我在 R 中有几个床文件作为 data.frame 个对象。现在我想按元素查找至少两个床文件之间的重叠。
为了澄清我的问题,我需要在第一床文件(已经在数据框对象中)中逐行进行测试,因此只将数据框的一行作为查询,然后将其交给区间间隔树持有第二个床文件的树(但需要先强制 GRanges 对象)。
我的数据看起来像:
idx chrom start End name score p-value
1 chr1 32727 32817 MACS_peak_1 8.69 1.150748e-11
2 chr1 52489 52552 MACS_peak_2 4.26 2.347418e-11
3 chr1 65527 65590 MACS_peak_3 4.19 2.386635e-11
4 chr1 65773 65904 MACS_peak_4 2.02 4.950495e-11
5 chr1 66001 66117 MACS_peak_5 5.66 1.766784e-11
6 chr1 115700 115769 MACS_peak_6 10.30 9.708738e-12
7 chr1 136389 136452 MACS_peak_7 4.26 2.347418e-11
8 chr1 235352 235415 MACS_peak_8 4.26 2.347418e-11
9 chr1 235636 235700 MACS_peak_9 5.66 1.766784e-11
10 chr1 432895 432958 MACS_peak_10 4.26 2.347418e-11
f1 <- function(bed.1, bed.2){
query<- GRanges()
subject = bed.2
for(i in 1: length(bed.1)){
query<-bed.1[i]
o <- GenomicRanges::findOverlaps(query, subject, minoverlap = 2L, algorithm="intervaltree")

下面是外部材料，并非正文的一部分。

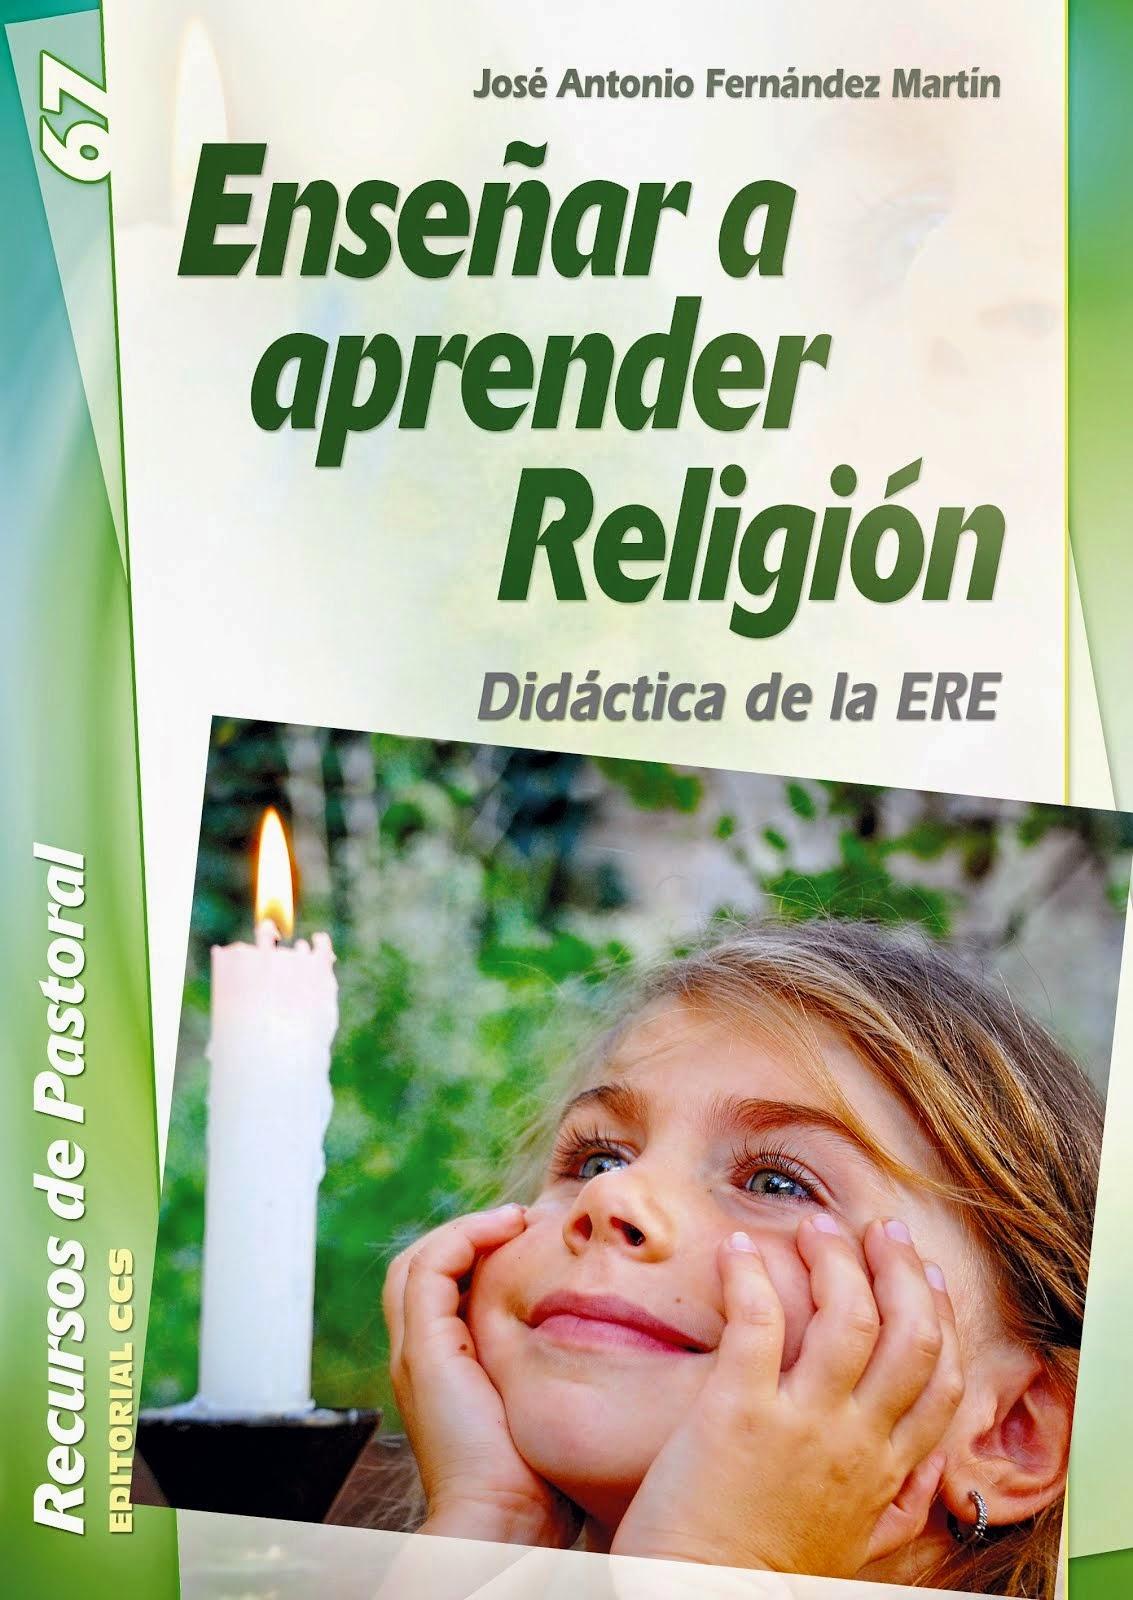 ENSEÑAR A APRENDER RELIGIÓN.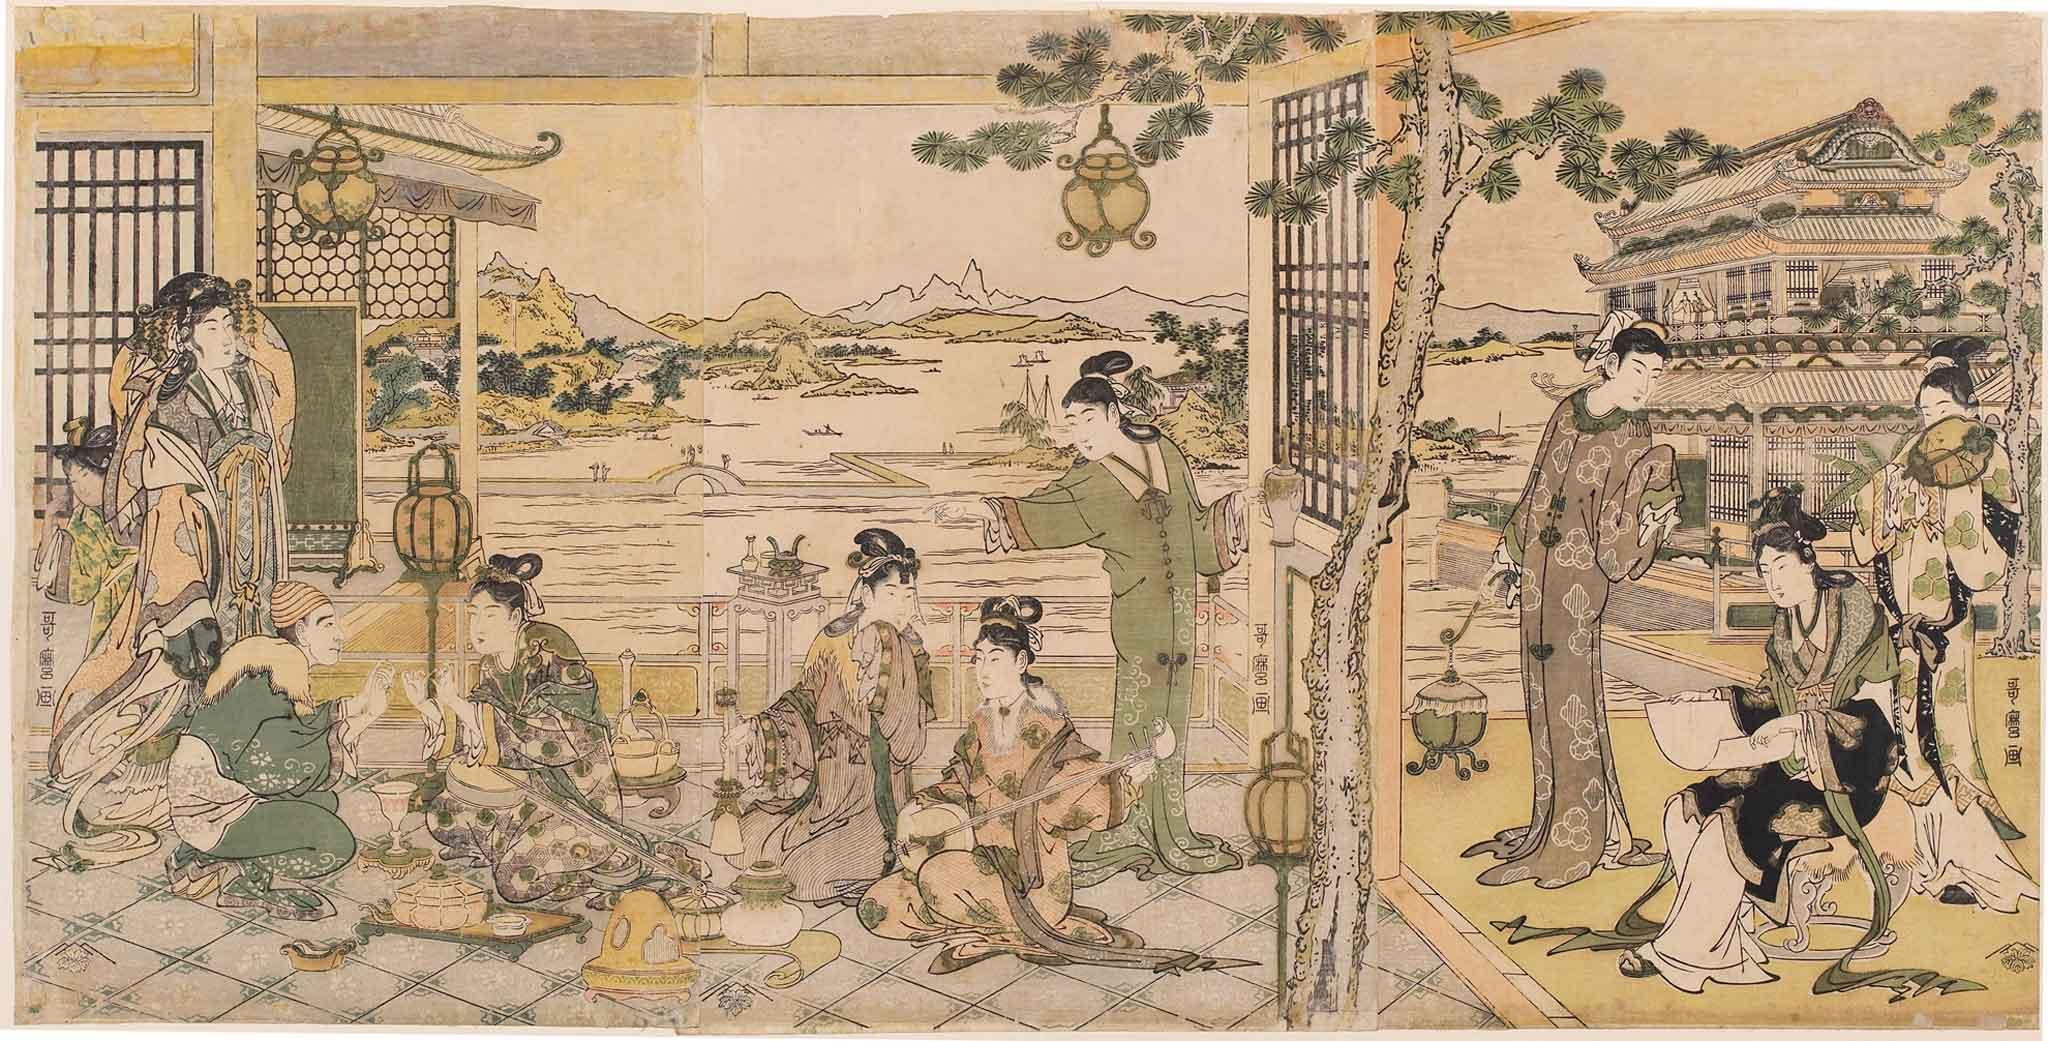 hokusai-24-banchetto

hitfrom_<-query[queryHits(o)]
hitTo_<-subject[subjectHits(o)]
pint <-pintersect(hitfrom_, hitTo_)
return(pint)
}
}
这是我的代码,如何迭代 bed.1 中的 GRanges 对象集并调用 findOverlap() 函数来查找重叠的 GRanges 在哪里。这段代码没有给我想要的结果。有人帮帮我吗??谢谢
我猜你不需要逐行操作。
text1 <- "idx chrom start End name score p-value
1 chr1 32727 32817 MACS_peak_1 8.69 1.150748e-11
2 chr1 52489 52552 MACS_peak_2 4.26 2.347418e-11
3 chr1 65527 65590 MACS_peak_3 4.19 2.386635e-11
4 chr1 65773 65904 MACS_peak_4 2.02 4.950495e-11
5 chr1 66001 66117 MACS_peak_5 5.66 1.766784e-11
6 chr1 115700 115769 MACS_peak_6 10.30 9.708738e-12
7 chr1 136389 136452 MACS_peak_7 4.26 2.347418e-11
8 chr1 235352 235415 MACS_peak_8 4.26 2.347418e-11
9 chr1 235636 235700 MACS_peak_9 5.66 1.766784e-11
10 chr1 432895 432958 MACS_peak_10 4.26 2.347418e-11"
bed1 <- read.table(text=text1, head=T, as.is=T)
library(GenomicRanges)
bed1.gr <- GRanges(bed1$chrom, IRanges(bed1$start, bed1$End))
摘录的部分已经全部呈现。